PROVIDED MATERIAL -
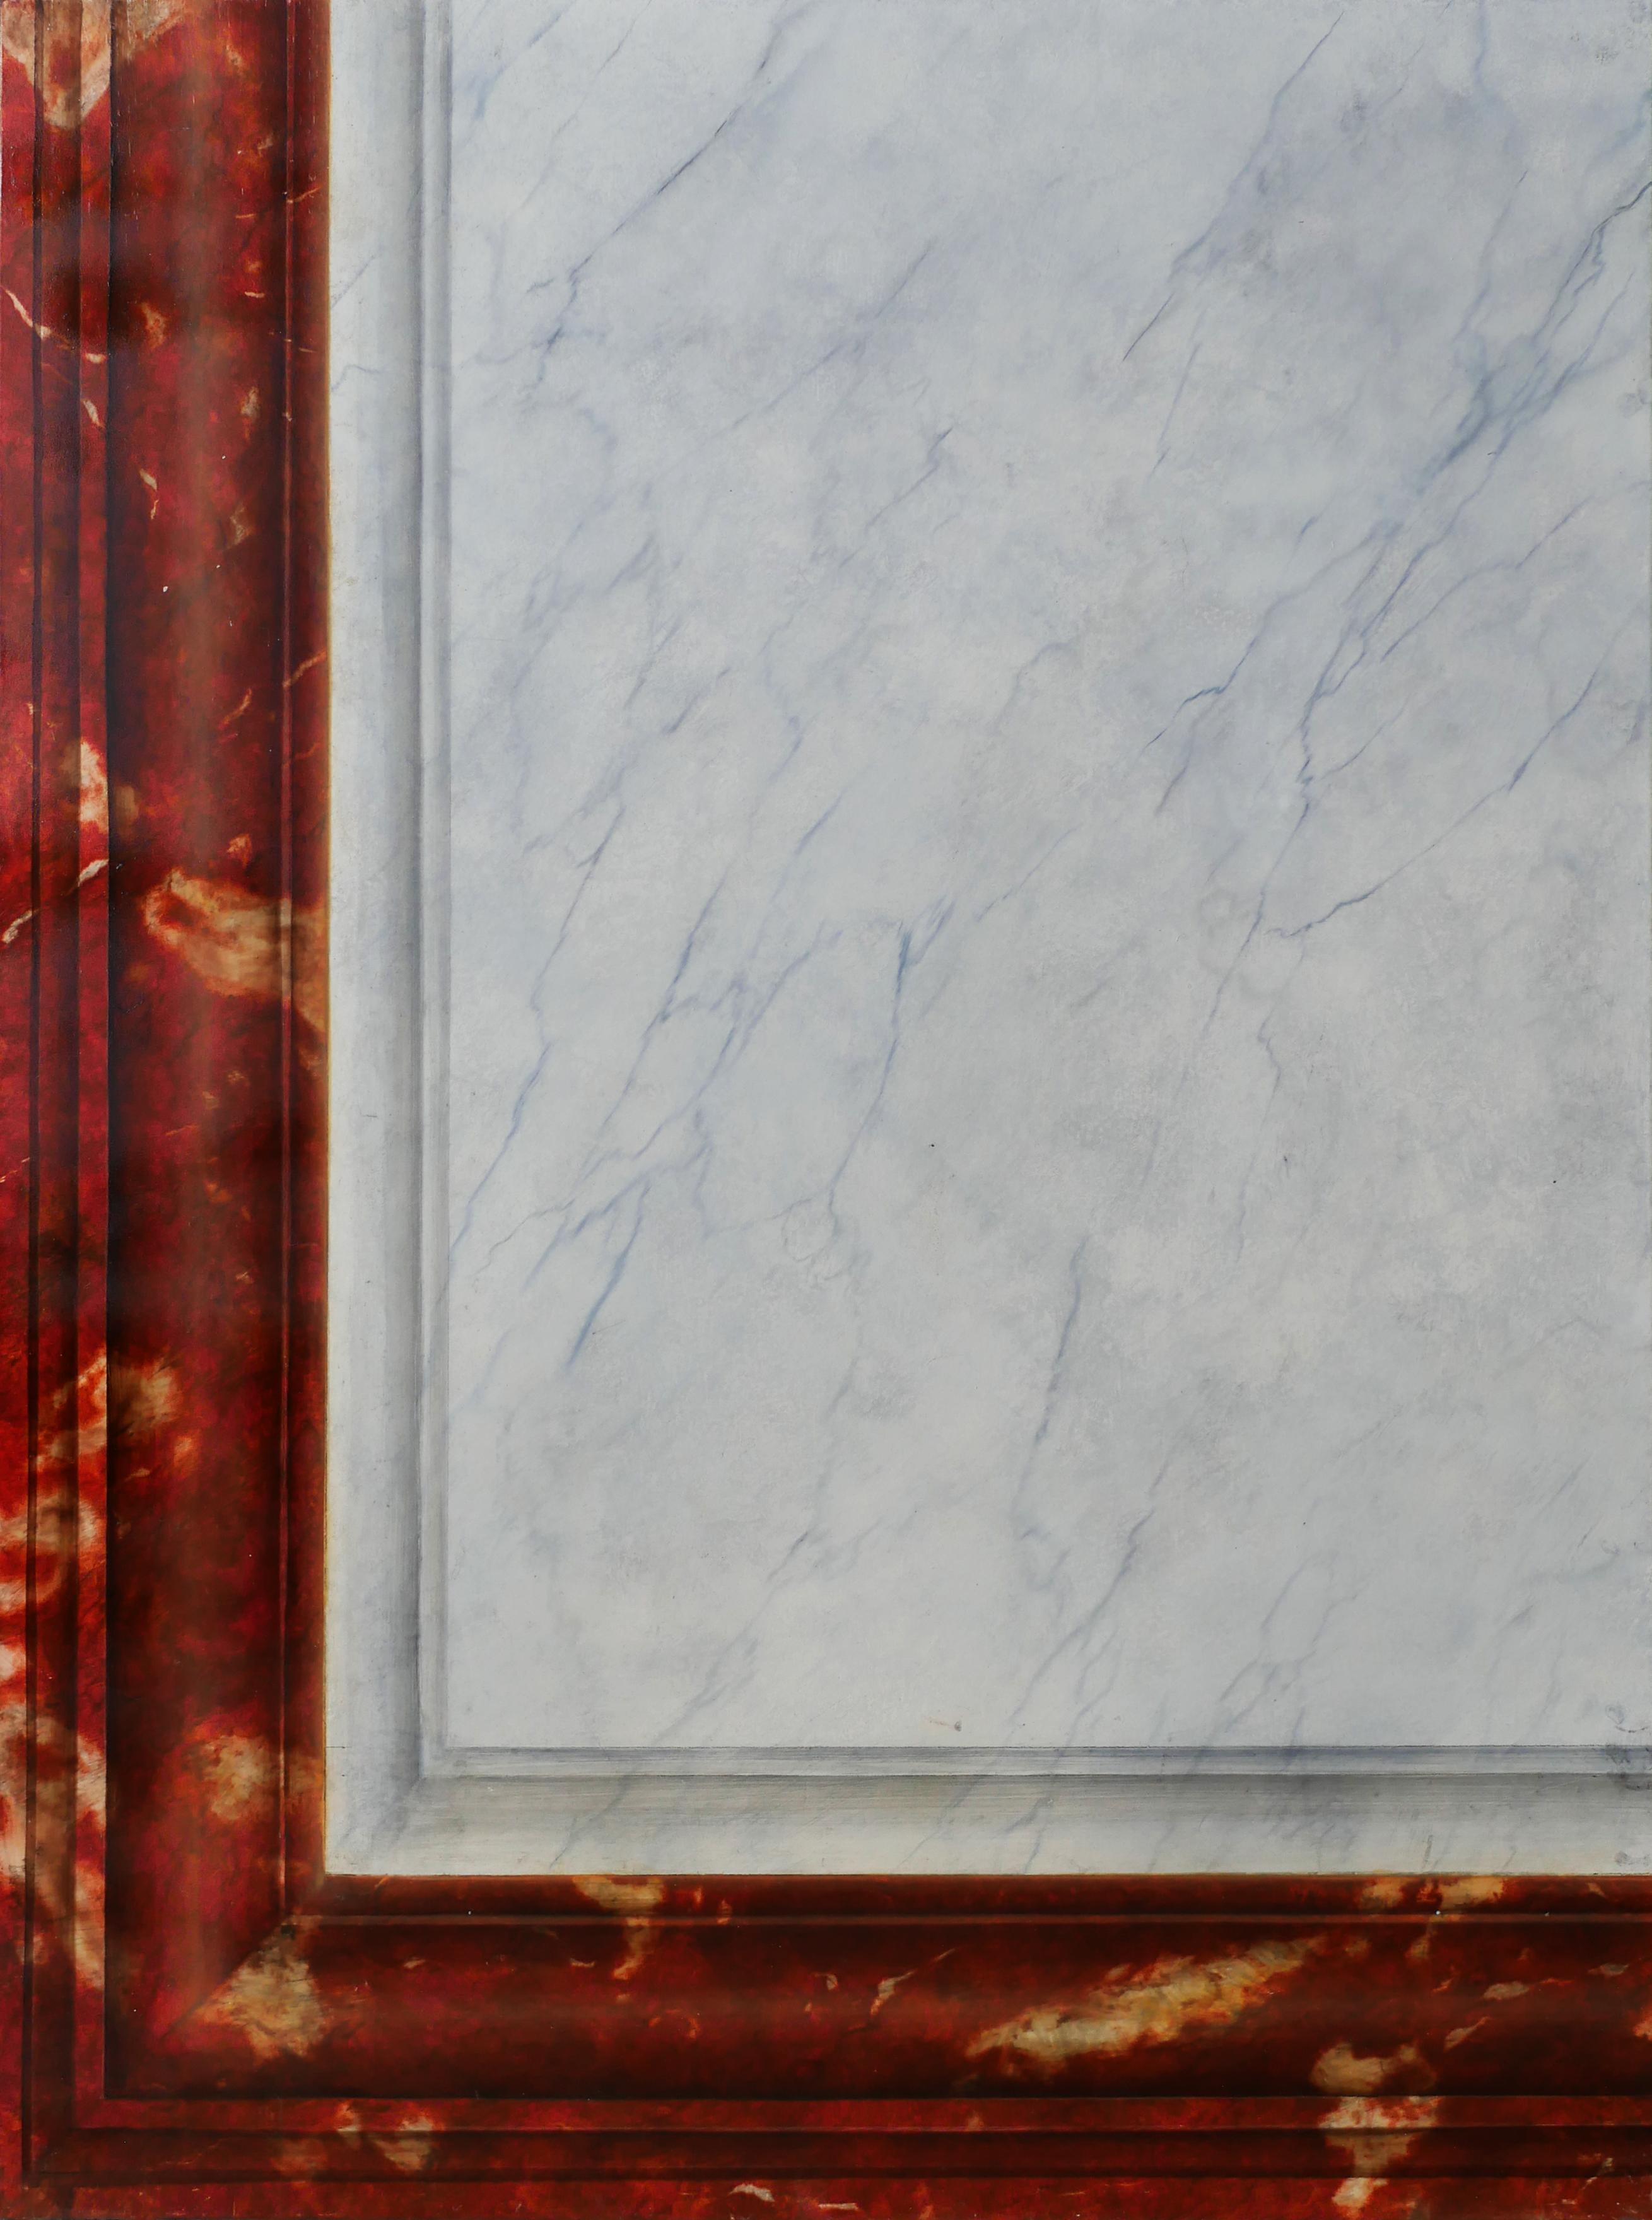 Décor imitation marbre rouge Languedoc et blanc veiné, faux marbre, effet de matière. Assilem décors, peintre en décor Bordeaux, décoration intérieure, peinture décorative
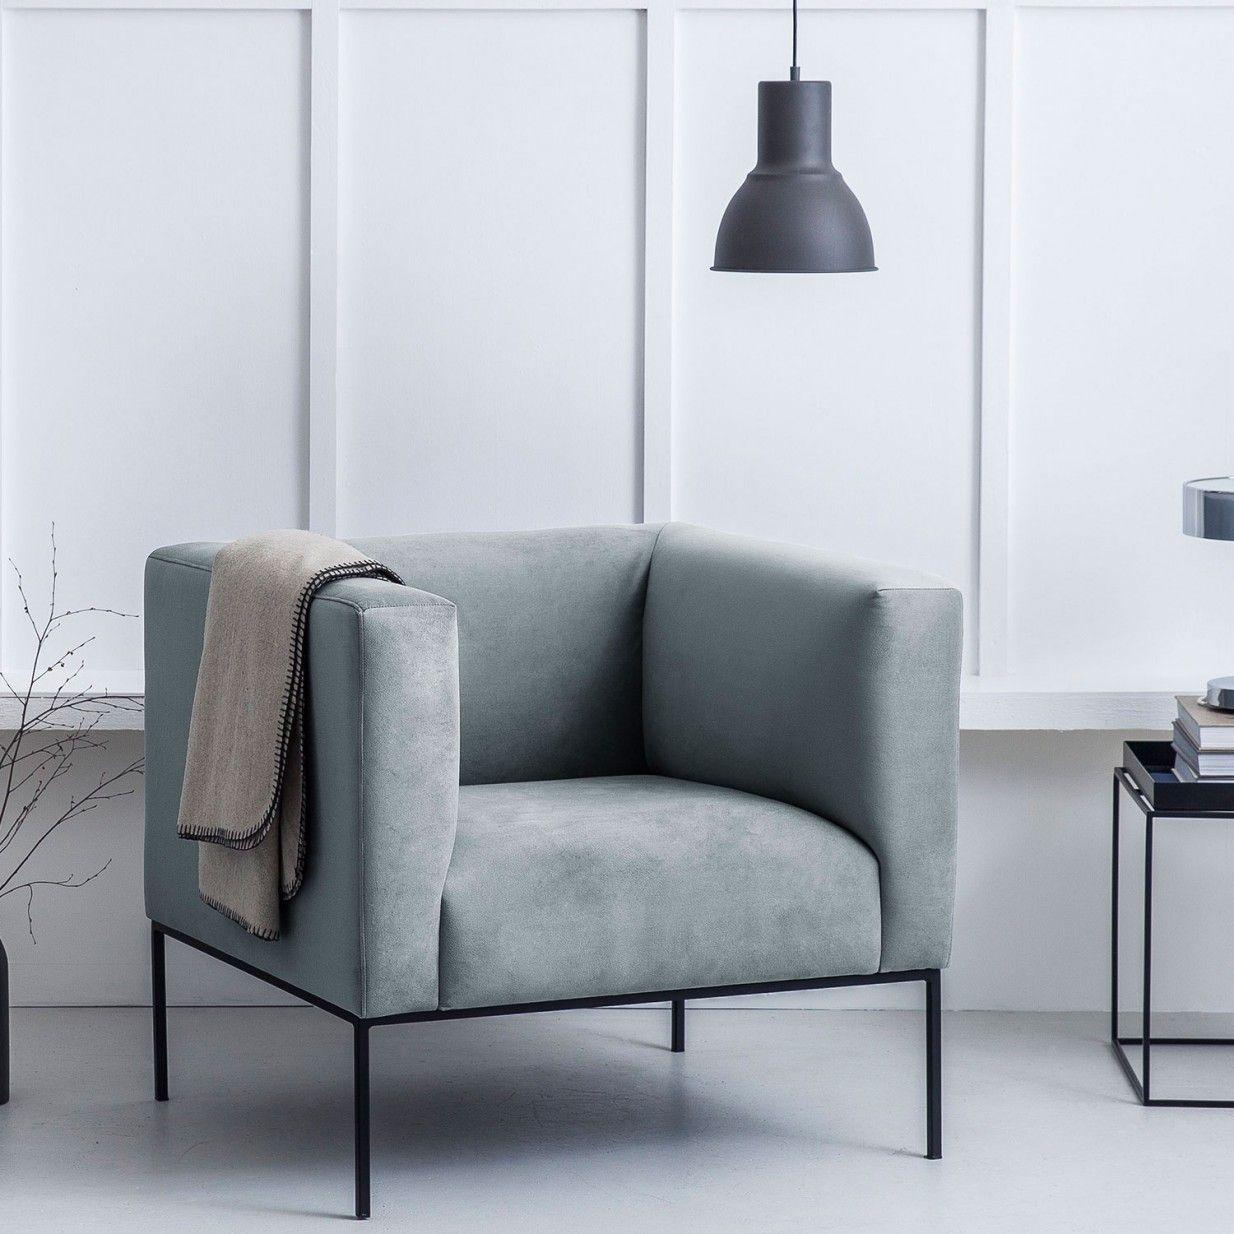 Neptune Sessel Hellgrau Windsor Co Sofas Interior Design Interior Home Decor
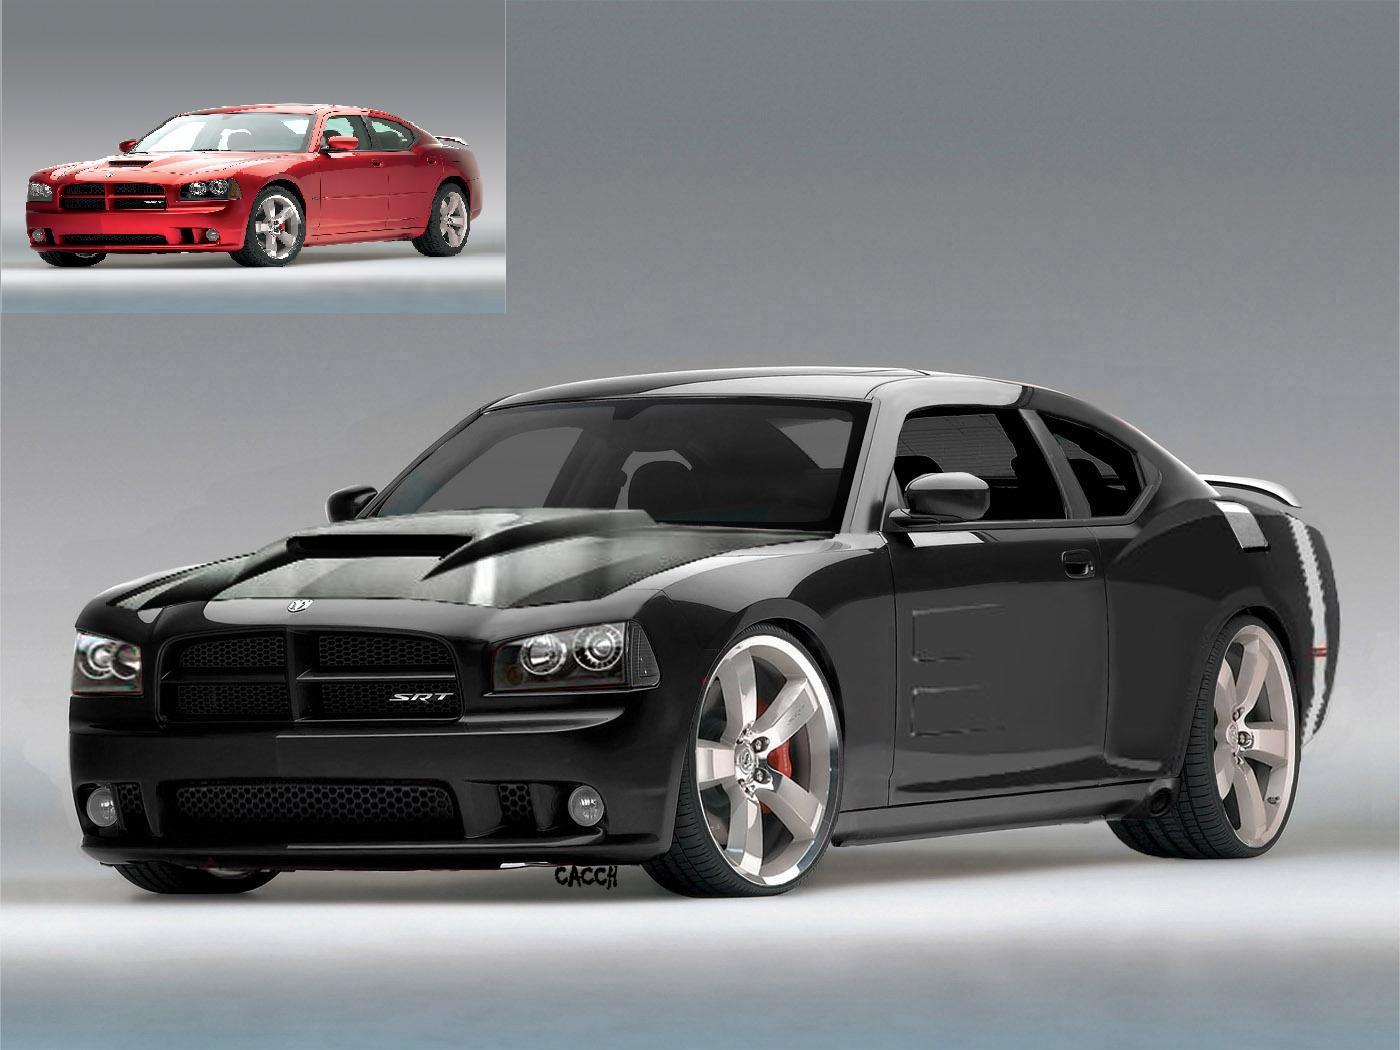 http://4.bp.blogspot.com/-06xf7XyrEqI/TjX-L6xeHdI/AAAAAAAABL4/I8JrT_UFeXs/s1600/Dodge+Charger+SRT+8+Concept.JPG
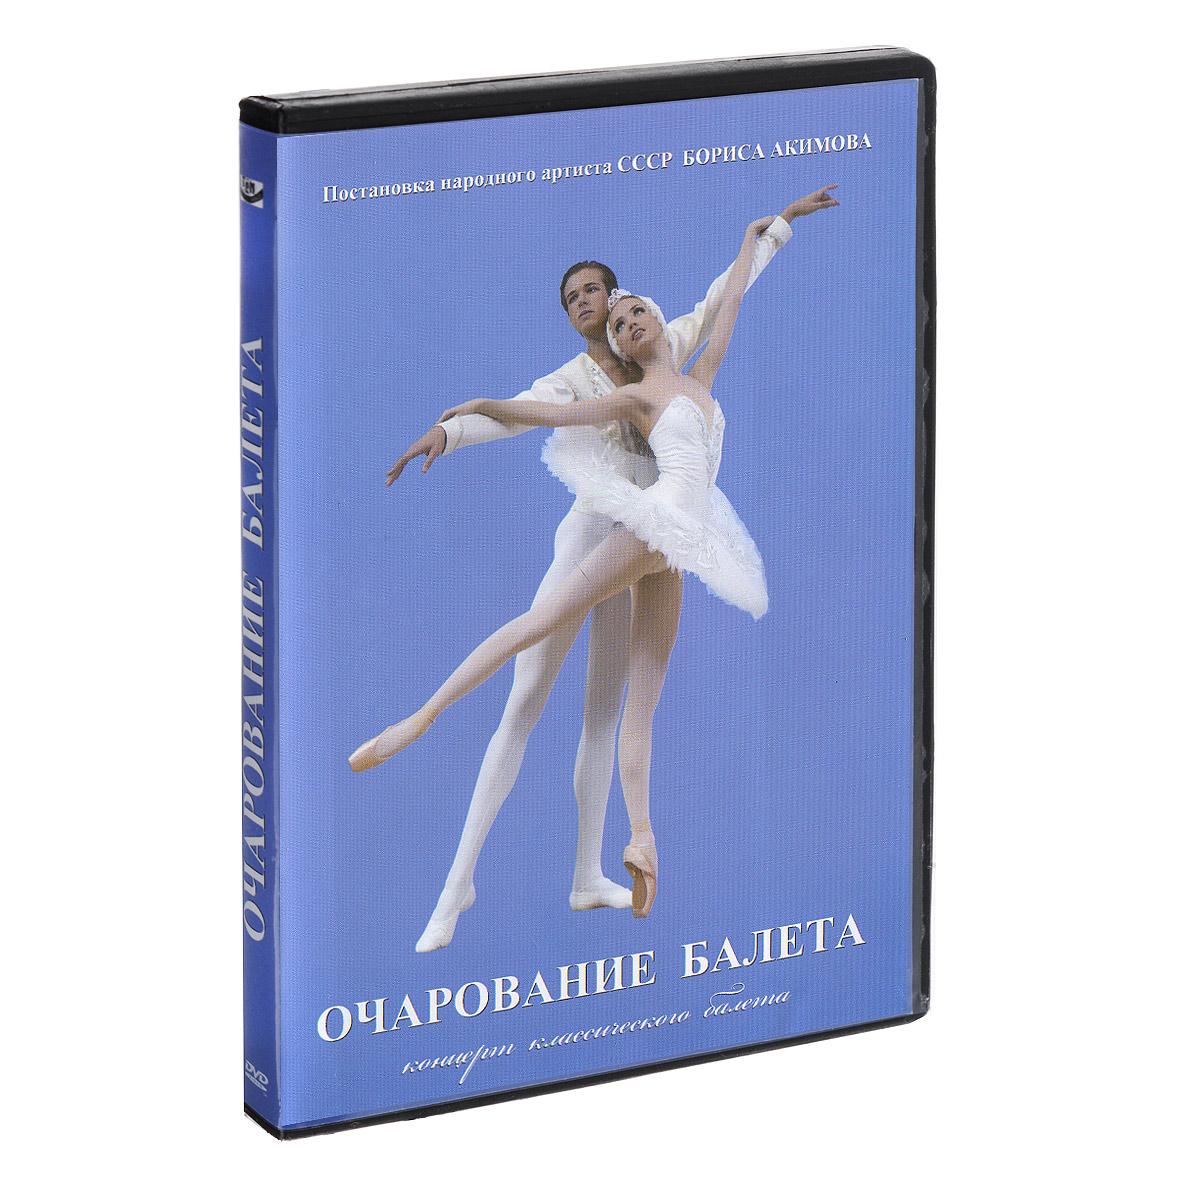 Очарование балета: Концерт классического балета

YOUR TASK - Please output all the data exactly as given, with the pictures omitted.

WRITTEN ANSWER -
 Décor imitation marbre rouge Languedoc et blanc veiné, faux marbre, effet de matière. Assilem décors, peintre en décor Bordeaux, décoration intérieure, peinture décorative
 Neptune Sessel Hellgrau Windsor Co Sofas Interior Design Interior Home Decor
 http://4.bp.blogspot.com/-06xf7XyrEqI/TjX-L6xeHdI/AAAAAAAABL4/I8JrT_UFeXs/s1600/Dodge+Charger+SRT+8+Concept.JPG
 Очарование балета: Концерт классического балета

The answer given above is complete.